# Constant Shortness Of Breath



## Jayden (Feb 9, 2011)

I have constant shortness of breath. I imagine it is just anxiety, just thought I would put out there if anyone else has this same symptom. I've actually had this when I was really little too and my mom thought I couldnt breathe, i felt fine, but her reaction to me made me panick and we ended up going to the hospital and everything was fine.

Hmmm....maybe I've always subconciously had a bit of anxeity.

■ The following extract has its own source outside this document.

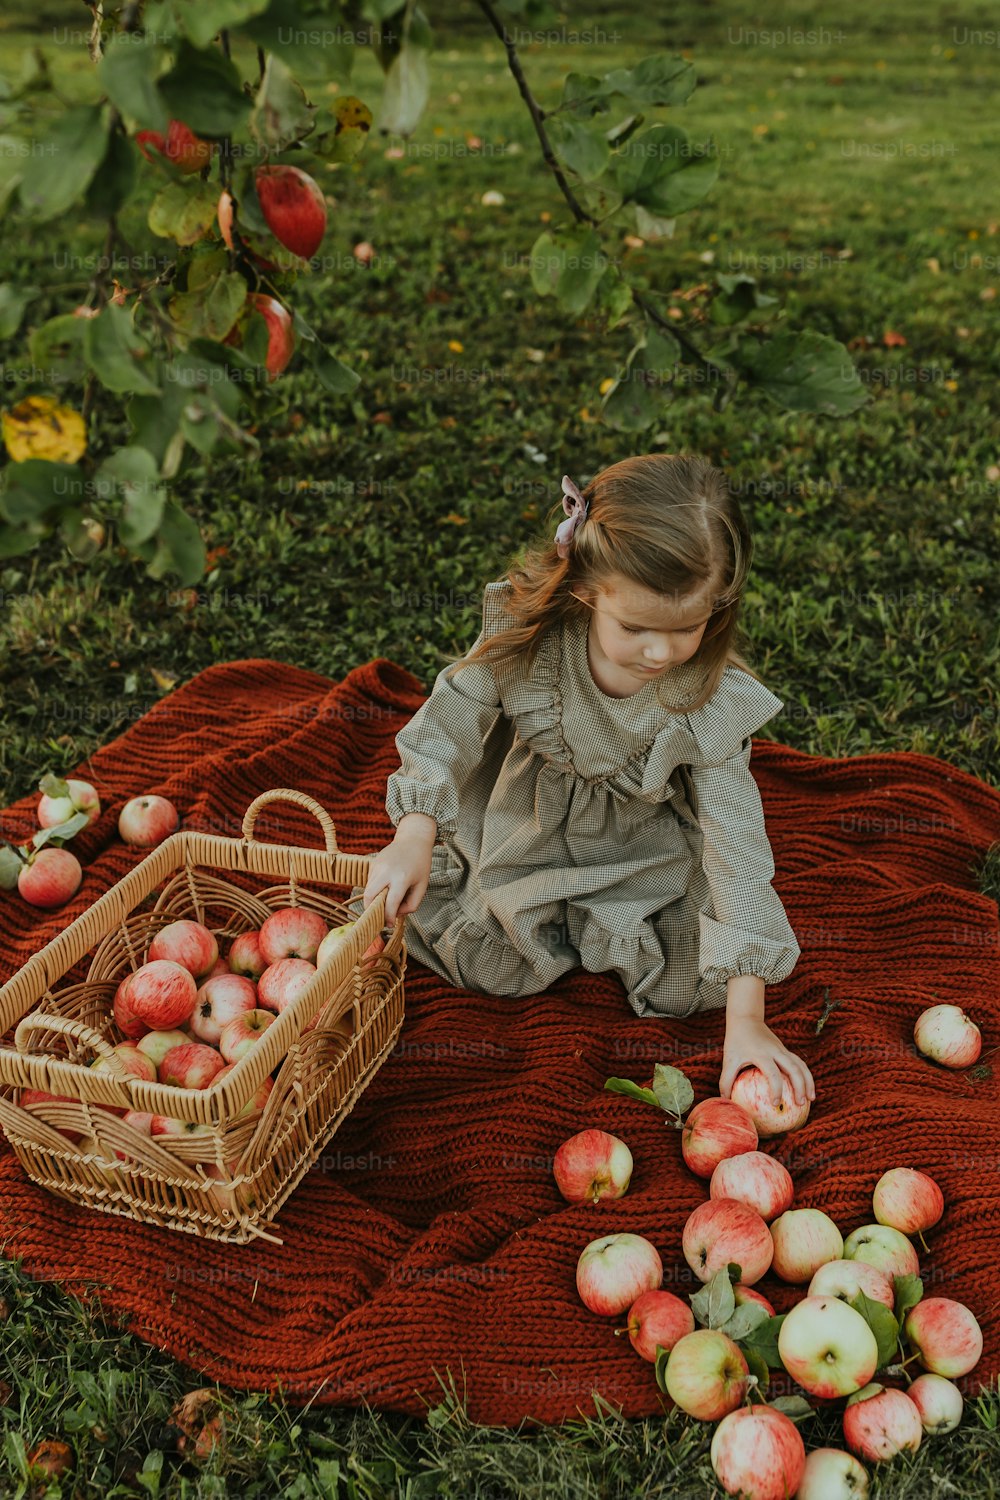 かごにリンゴを入れた毛布の上に座っている少女
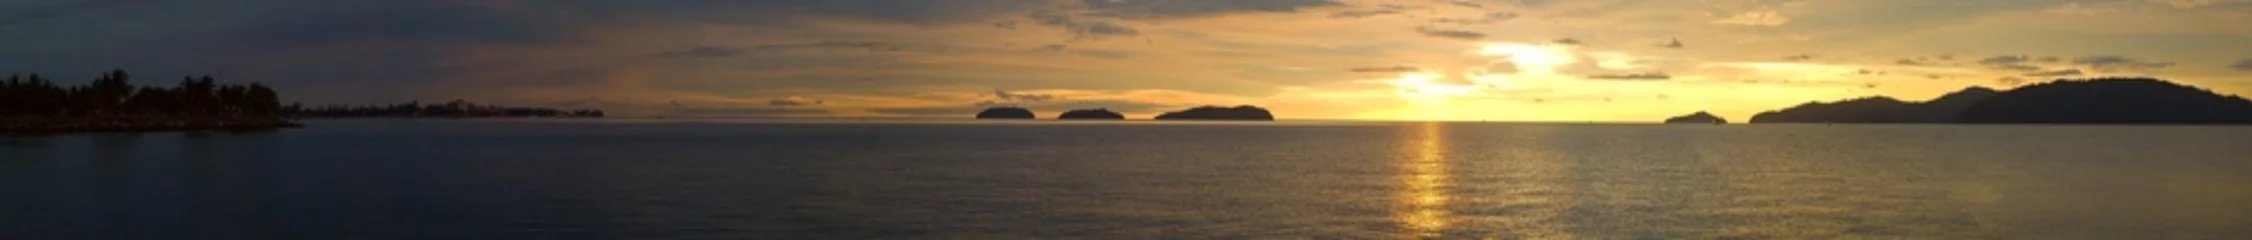 Fototapete Meer / Ozean Ein ultraweiter Panoramablick auf einen goldenen Sonnenuntergangsozean

DP sometimes feels like solving a big puzzle.

Well thats it,

- Jayd


----------



## ValleyGirl (Nov 10, 2017)

Yes, it is from anxiety. I have it too.


----------



## never_giving_up (Jun 23, 2010)

It is the muscle tension in your chest / upper body. Try breathing exercises to help loosen the muscles. Breathing deeply and slowly increases blood flow to the muscles and thus can help relax them.


----------



## Nichole (Feb 22, 2011)

I also have it.... I keep thinking there's something wrong with me............. But it's the anxiety/panic that comes with depersonalization...... or vice versa

The only thing I have noticed that helps is Ativan/ Lorazepam.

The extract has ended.